# Differential Equations

## First Order Equations # Linear Differential Equations of First Order

### Definition of Linear Equation of First Order

A differential equation of type

$y’ + a\left( x \right)y = f\left( x \right),$

where $$a\left( x \right)$$ and $$f\left( x \right)$$ are continuous functions of $$x,$$ is called a linear nonhomogeneous differential equation of first order. We consider two methods of solving linear differential equations of first order:

• Using an integrating factor;
• Method of variation of a constant.

### Using an Integrating Factor

If a linear differential equation is written in the standard form:

$y’ + a\left( x \right)y = f\left( x \right),$

the integrating factor is defined by the formula

${u\left( x \right) }={ \exp \left( {\int {a\left( x \right)dx} } \right).}$

Multiplying the left side of the equation by the integrating factor $$u\left( x \right)$$ converts the left side into the derivative of the product $$y\left( x \right) u\left( x \right).$$

The general solution of the differential equation is expressed as follows:

$y = \frac{{\int {u\left( x \right)f\left( x \right)dx} + C}}{{u\left( x \right)}},$

where $$C$$ is an arbitrary constant.

### Method of Variation of a Constant

This method is similar to the previous approach. First it’s necessary to find the general solution of the homogeneous equation:

$y’ + a\left( x \right)y = 0.$

The general solution of the homogeneous equation contains a constant of integration $$C.$$ We replace the constant $$C$$ with a certain (still unknown) function $$C\left( x \right).$$ By substituting this solution into the nonhomogeneous differential equation, we can determine the function $$C\left( x \right).$$

The described algorithm is called the method of variation of a constant. Of course, both methods lead to the same solution.

### Initial Value Problem

If besides the differential equation, there is also an initial condition in the form of $$y\left( {{x_0}} \right) = {y_0},$$ such a problem is called the initial value problem (IVP) or Cauchy problem.
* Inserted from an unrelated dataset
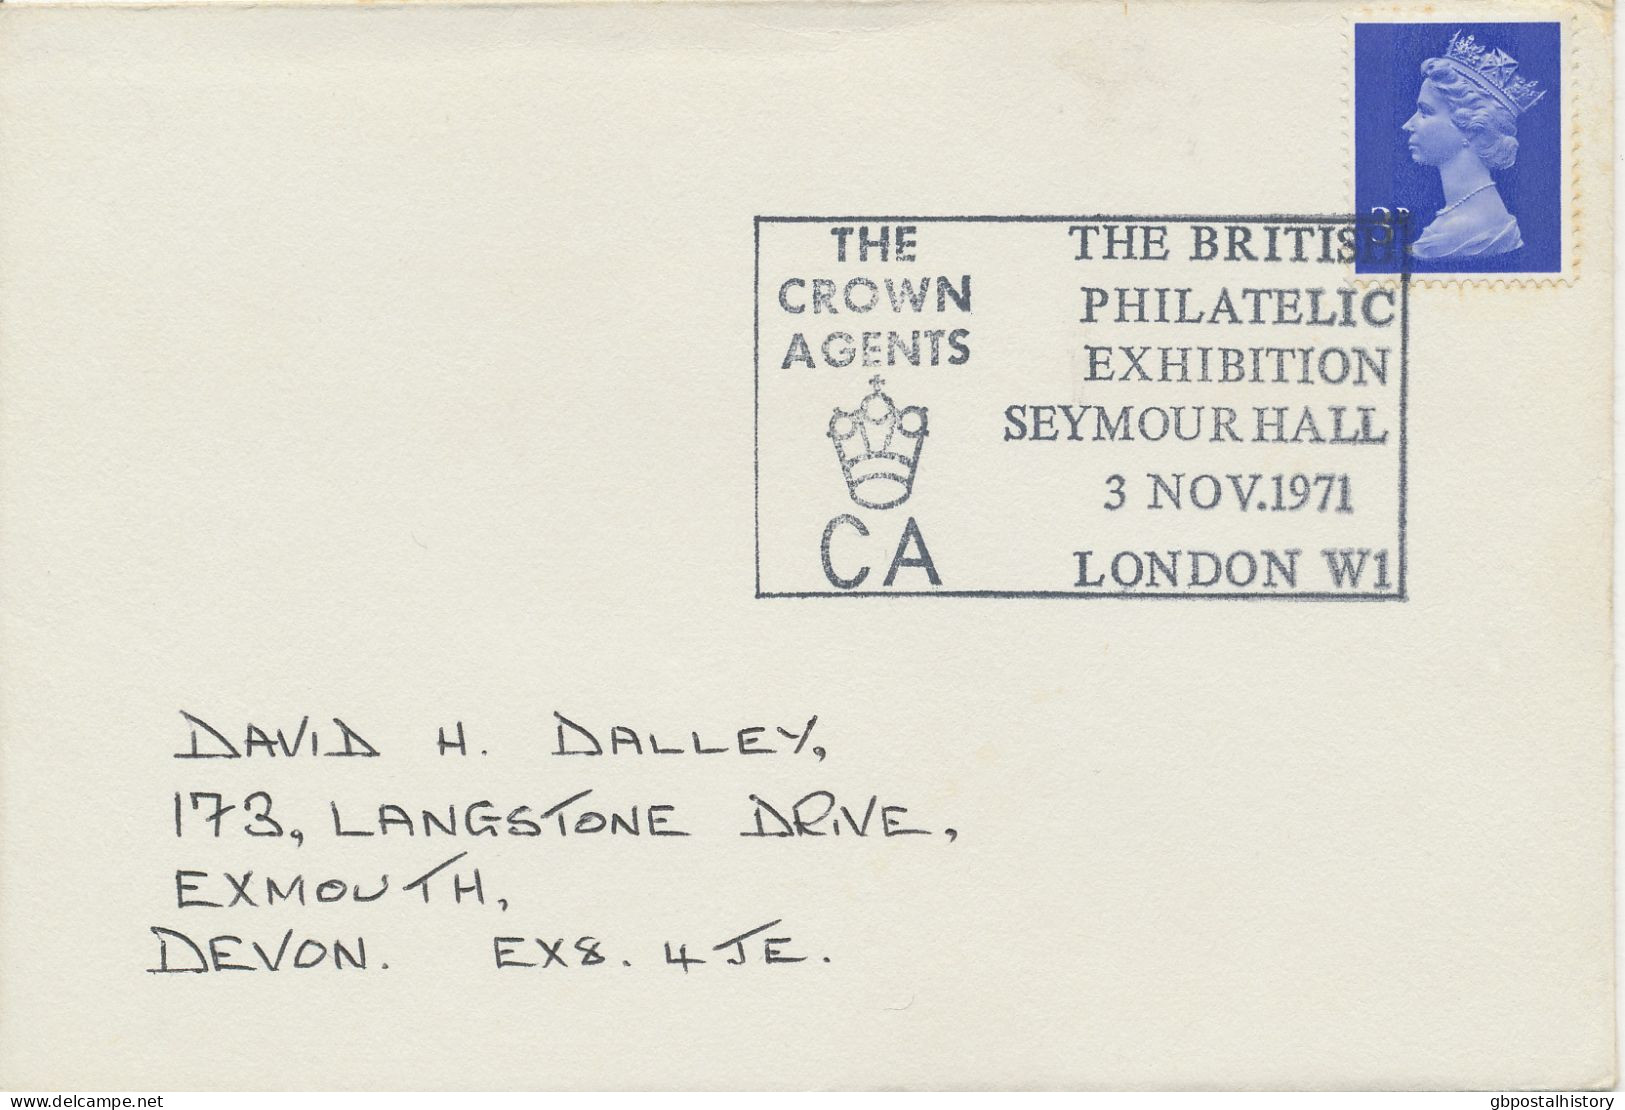 GB SPECIAL EVENT POSTMARKS 1971 THE BRITISH PHILATELIC EXHIBITION SEYMOUR HALL LONDON W.I. - THE CROWN AGENTS - Briefe U. Dokumente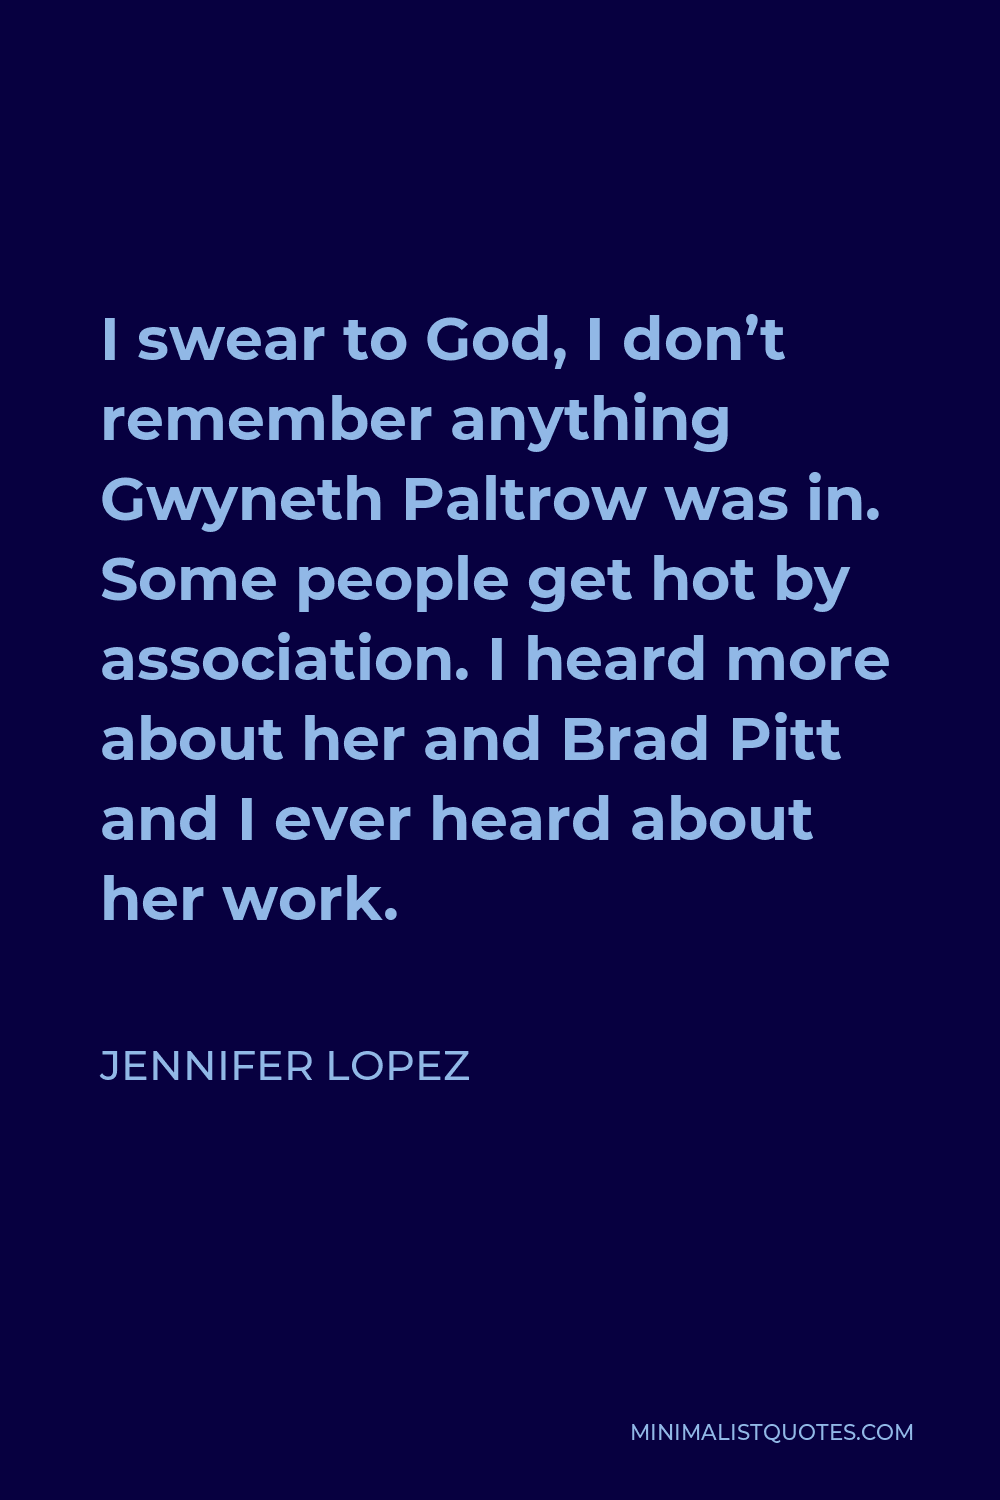 Jennifer Lopez Quote - I swear to God, I don’t remember anything Gwyneth Paltrow was in. Some people get hot by association. I heard more about her and Brad Pitt and I ever heard about her work.

A particular solution for an IVP does not contain the constant $$C,$$ which is defined by substitution of the general solution into the initial condition $$y\left( {{x_0}} \right) = {y_0}.$$

## Solved Problems

Click or tap a problem to see the solution.

### Example 1

Solve the equation $$y’ – y – x{e^x}$$ $$= 0.$$

### Example 2

Solve the differential equation $$xy’ = y + 2{x^3}.$$

### Example 3

Solve the equation $$y’ – 2y = x.$$

### Example 4

Solve the differential equation $${x^2}y’ + xy + 2$$ $$= 0.$$

### Example 5

Solve the initial value problem: $$y’ – y\tan x$$ $$= \sin x,$$ $$y\left( 0 \right) = 1.$$

### Example 6

Solve the differential equation (IVP) $$y’ + {\large\frac{3}{x}\normalsize}y$$ $$= {\large\frac{2}{{{x^2}}}\normalsize}$$ with the initial condition $$y\left( 1 \right) = 2.$$

### Example 7

Find the general solution of the differential equation $$y = \left( {2{y^4} + 2x} \right)y’.$$

### Example 1.

Solve the equation $$y’ – y – x{e^x}$$ $$= 0.$$

Solution.

We rewrite this equation in standard form:

$y’ – y = x{e^x}.$

We will solve this equation using the integrating factor

${u\left( x \right) = {e^{\int {\left( { – 1} \right)dx} }} }={ {e^{ – \int {dx} }} }={ {e^{ – x}}.}$

Then the general solution of the linear equation is given by

$\require{cancel} {y\left( x \right) }={ \frac{{\int {u\left( x \right)f\left( x \right)dx} + C}}{{u\left( x \right)}} } = {\frac{{\int {\cancel{e^{ – x}}x\cancel{e^x}dx} + C}}{{{e^{ – x}}}} } = {\frac{{\int {xdx} + C}}{{{e^{ – x}}}} } = {{e^x}\left( {\frac{{{x^2}}}{2} + C} \right).}$

### Example 2.

Solve the differential equation $$xy’ = y + 2{x^3}.$$

Solution.

We will solve this problem by using the method of variation of a constant. First we find the general solution of the homogeneous equation:

$xy’ = y,$

which can be solved by separating the variables:

${x\frac{{dy}}{{dx}} = y,\;\;}\Rightarrow {\frac{{dy}}{y} = \frac{{dx}}{x},\;\;}\Rightarrow {\int {\frac{{dy}}{y}} = \int {\frac{{dx}}{x}} ,\;\;}\Rightarrow {\ln \left| y \right| = \ln \left| x \right| + \ln C,\;\;}\Rightarrow {y = Cx.}$

where $$C$$ is a positive real number.

Now we replace $$C$$ with a certain (still unknown) function $$C\left( x \right)$$ and will find a solution of the original nonhomogeneous equation in the form:

$y = C\left( x \right)x.$

Then the derivative is given by

${y’ = {\left[ {C\left( x \right)x} \right]^\prime } }={ C’\left( x \right)x + C\left( x \right).}$

Substituting this into the equation gives:

${{x\left[ {C’\left( x \right)x + C\left( x \right)} \right] }={ C\left( x \right)x + 2{x^3},\;\;}}\Rightarrow {{C’\left( x \right){x^2} + \cancel{C\left( x \right)x} }={ \cancel{C\left( x \right)x} + 2{x^3},\;\;}}\Rightarrow {C’\left( x \right) = 2x.}$

Upon integration, we find the function $${C\left( x \right)}:$$

${C\left( x \right) = \int {2xdx} }={ {x^2} + {C_1},}$

where $${C_1}$$ is an arbitrary real number.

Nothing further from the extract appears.